Somehow shopping for deployment just made us face its imminent start and we just melted down. It starts with tension, building to annoyances, escalates to fighting, and ends with one and a half of us in "I don't want you to go" tears. I still want to cry even while I type this. I've been sort of pushing the reality of him leaving out of my mind, mainly so I can cheerfully function day-to-day, but after today its all kind of hitting me like a truck.


This week is going to miserable.


At least I have wine?


Gonna need a lot more of this stuff...

Saturday, April 7, 2012

Drink Mix Tasting #2 [UPDATED]

Overall, the winner of our drink mix tastings so far was Mio Green Thunder which tastes kind of like green Monster energy drinks, without the carbonation (and without the gasoline taste of the peach-mango flavor). It does have caffeine, which isn't good for around-the-clock hydration, but it does taste the best. 

The other winner is Mio Orange Tangerine! It tastes pretty much exactly like flat orange soda and we both liked it a lot. I was very glad that it too lacked that gasoline flavor of the Peach-Mango flavor. Mio mixes with water pretty much instantly and you don't have to wait for powder to dissolve. There's also less packaging involved which means they're a little better for care packages as they need less space. Also less to throw away, which is always a good thing. We found them to be portable and easy!



We also got a few mixes from REI that promised hydration and were free of fake sugars.






The Vitaltye, to us, tasted like watered-down gatorade and was kind of unpleasant and weak. The GU Brew tasted like chalky off-brand Tang and was very difficult for us to drink. The Coco Hydro Coconut Water mix tastes like coconut water with just a hint of pineapple, and if you like coconut water in general, you'll probably like this mix. This was E's favorite of this batch.

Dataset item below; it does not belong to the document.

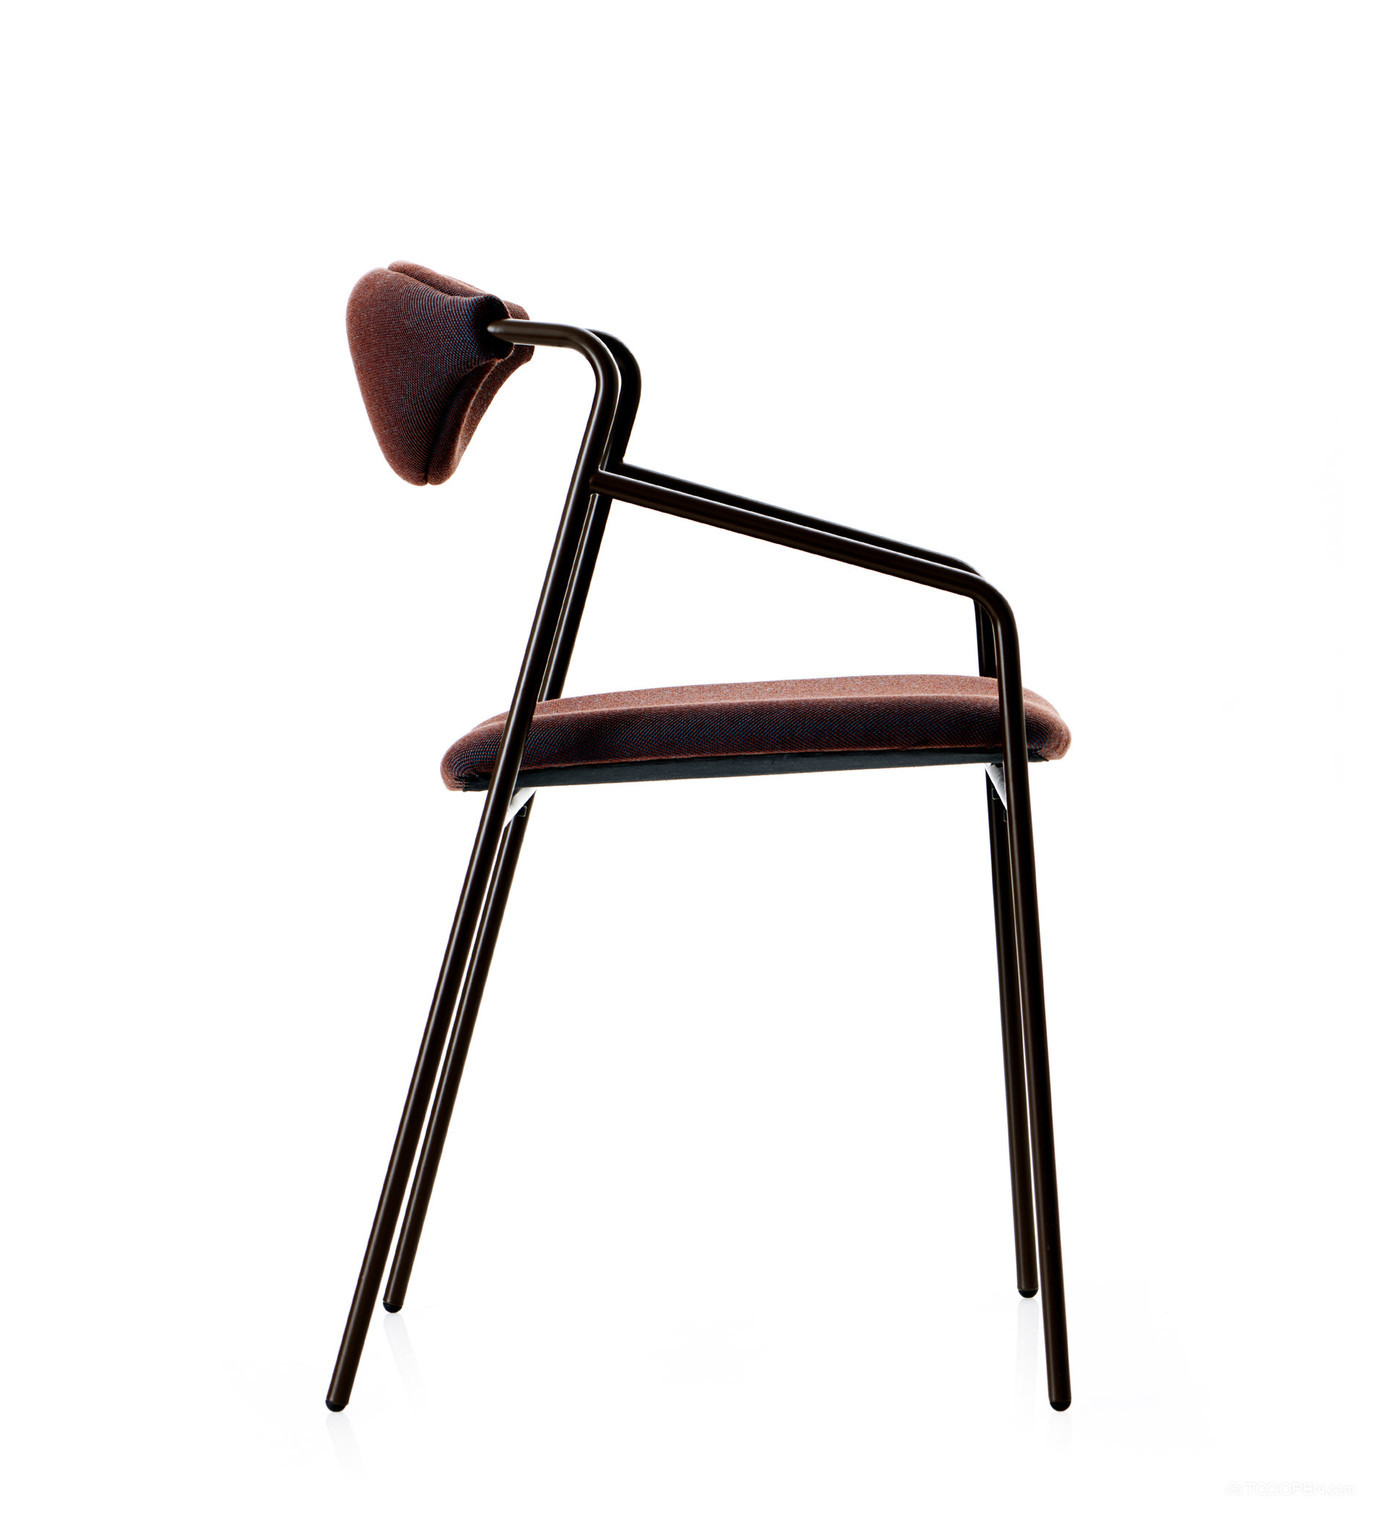 高清极简现代钢管椅家具设计欣赏图片-03

Coconut water also provides really excellent hydration, so I'm hoping this is a taste E can really acquire and love while he's away. He's never tried any kind of coconut water before, so now I'm interested in giving him some other types, though the mix form will be easiest by far in terms of sending in a care package. This mix also comes in original and pomegranate raspberry.

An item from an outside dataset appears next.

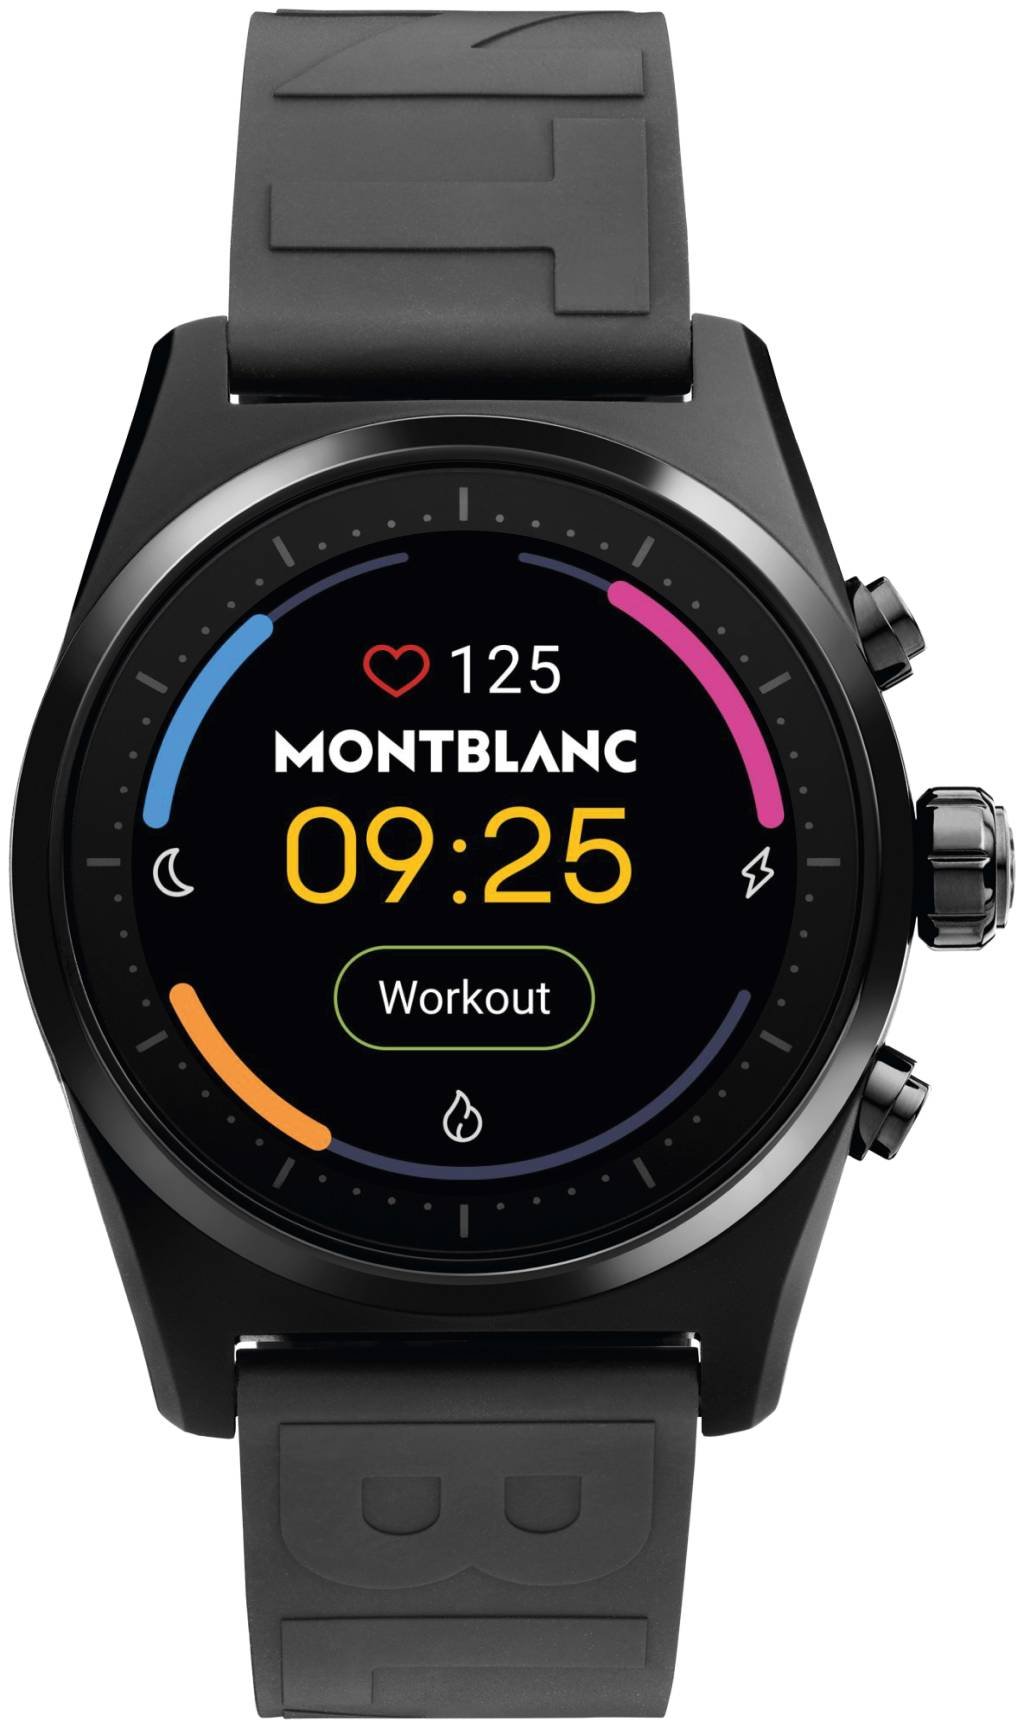 Montblanc lança smartwatch que traz informações sobre a saúde do usuário

Off to Costco soon to try to get some of these in bulk!

Sunday, April 1, 2012

Separation Anxiety

Today is April 1st. Each new month sends a zing of excitement and dread through me; Deployment and Graduation (yes, capitalized!) are just that much closer. Somehow the start of a new month makes that fact more poignant than on other days.


In other news, I have begun compiling a real care package with an actual theme and everything! Yes, it is a bit early, but I know I'm going to be overwhelmed when he does go, and I want to have as many things set up in advance as possible. I will be posting pictures/tutorials when it is finished, of course!